Previous Topic Next Topic
 
classic Classic list List threaded Threaded
1 message Options
Reply | Threaded
Open this post in threaded view
|

Missing LOCALE in post-commit hook leads to weird behaviour of `svnlook log` with unicode characters – broken transliterations

H.-Dirk Schmitt-2
I found a very weird behaviour of `svnlook log` that IMHO is a bug (or
at least a serious missing documentation issue).

Introduction
------------

Consider a log message like: 'Unicode Test → ø ÄÖÜ'

`svnlook  log` invoked in a normal terminal session shows the proper
content.
This works because the environment is set to 'en_US.UTF-8'.

Now start to play - `env LC_ALL=C.UTF-8 svnlook log` also shows a
correct result.

Problem
-------
But falling back to `env LC_ALL=C svnlook log`  I got a very flawed
result:

Unicode Test {U+2192} {U+00F8} AOU

→ and ø are replaced with there code description
The German Umlaut chars are translitterated in a very uncommon way.
In the old ASCII/type-writer days Ä was translitterated in Ae (Ö → Oe,
…)

Why is this behaviour not a cosmetic problem.
---------------------------------------------

Consider a post-commit hook fetching the commit message with `svnlook
log`.
Purpose is to postprocess the log message content, e.g. append to
bugzilla issues.

The actual setup is svn+apache2 and a bash script as post commit hook.
The machine locatle as reported by `localectl`: System Locale:
LANG=en_US.utf8

All the commit messages content transfered is broken as described
above.

This happens because the post-commit hook is running with a very
reduced set of environment variables:
   PWD=/
   SHLVL=1

Especially `LC_ALL` is not set which is eqivalent to `LC_ALL=C`.
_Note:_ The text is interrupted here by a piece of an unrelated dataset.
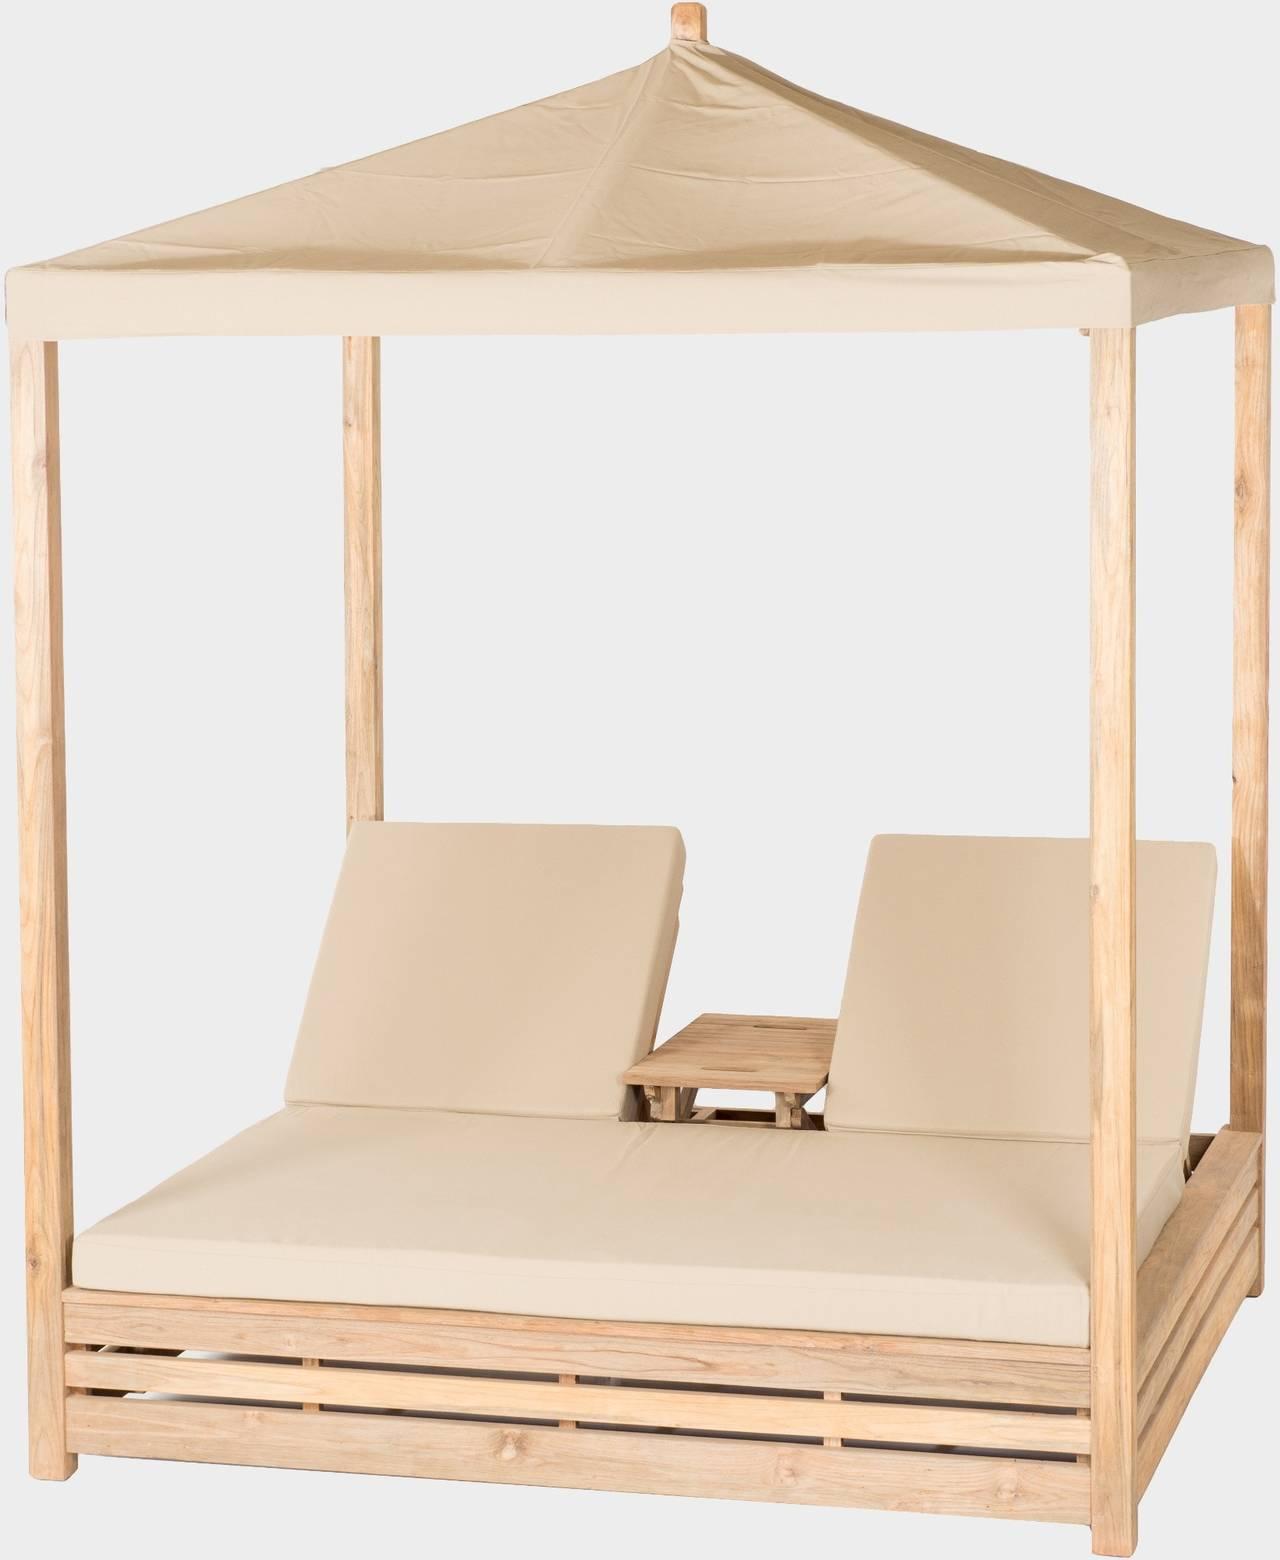 Zahradní teaková postel DAYBED
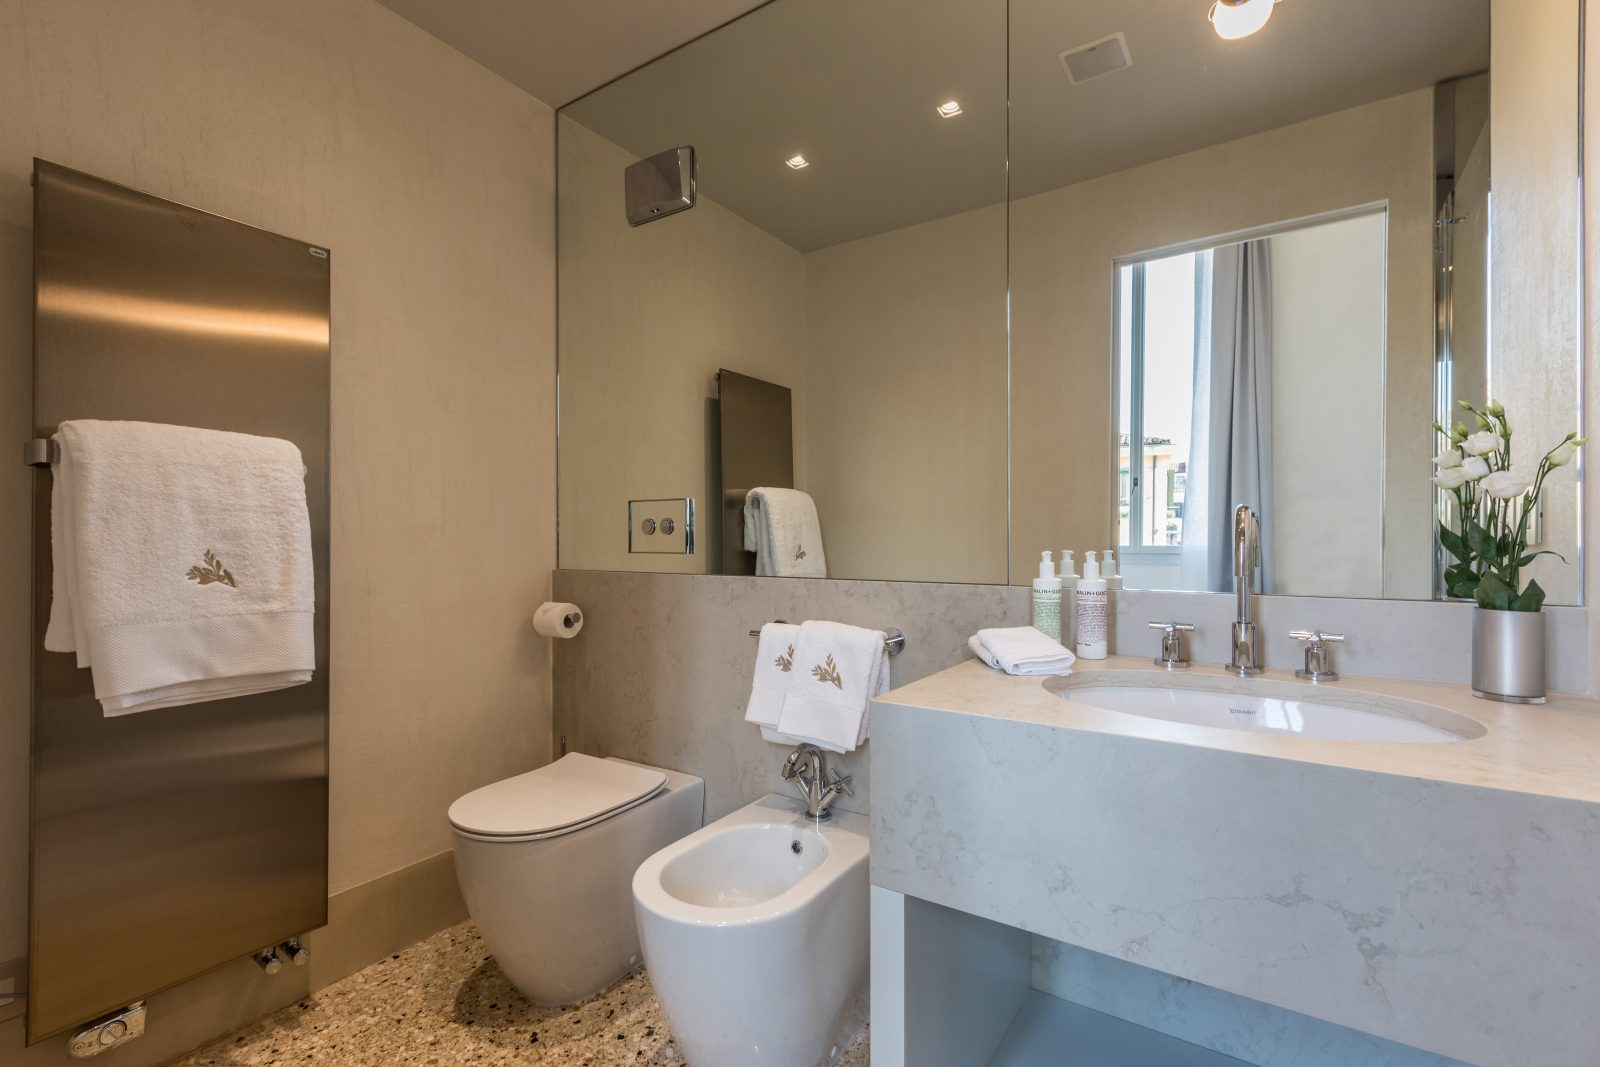 bagno-appartamento-anice-lavandino-venezia-palazzo-morosini-dettaglio-fiori-specchio

Suggested Mitigation/Fixing
---------------------------
1. Subversion should ensure that the system locale is forwarded to the
post-commit hook.
2. `svnlook` shoud support the `--encoding` switch
3. German Umlaute (and surely some other national characters in the 8-
bit range) shouldn't translittered in a different
   way as unicode characters (see ø / {U+00F8}).


PS: Google et. al. haven't shown that this issue is well documented.